The problem stems from how firms gather person suggestions throughout coaching—individuals are likely to choose responses that make them really feel good, making a suggestions loop the place fashions be taught that enthusiasm results in larger scores from people. As a response to the suggestions, OpenAI later rolled again ChatGPT’s 4o mannequin and altered the system immediate as nicely, one thing we reported on and Willison additionally analyzed on the time.
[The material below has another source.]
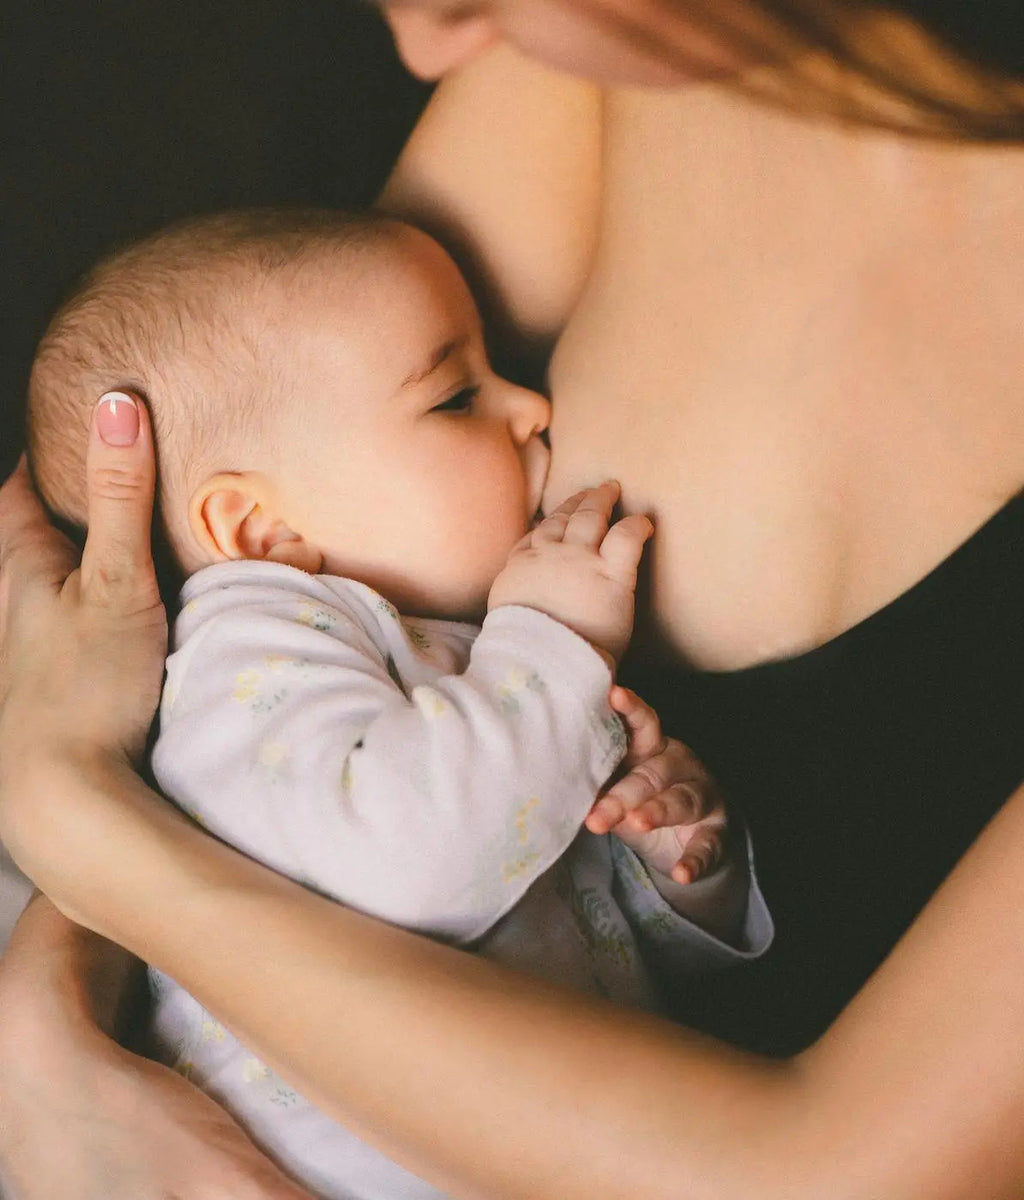 Breastfeeding Must Haves for Your #MomLife Journey

One among Willison’s most attention-grabbing findings about Claude 4 pertains to how Anthropic has guided each Claude fashions to keep away from sycophantic habits. “Claude by no means begins its response by saying a query or thought or remark was good, nice, fascinating, profound, wonderful, or some other optimistic adjective,” Anthropic writes within the immediate. “It skips the flattery and responds immediately.”

Different system immediate highlights

The Claude 4 system immediate additionally consists of intensive directions on when Claude ought to or should not use bullet factors and lists, with a number of paragraphs devoted to discouraging frequent list-making in informal dialog. “Claude shouldn’t use bullet factors or numbered lists for reviews, paperwork, explanations, or except the person explicitly asks for an inventory or rating,” the immediate states.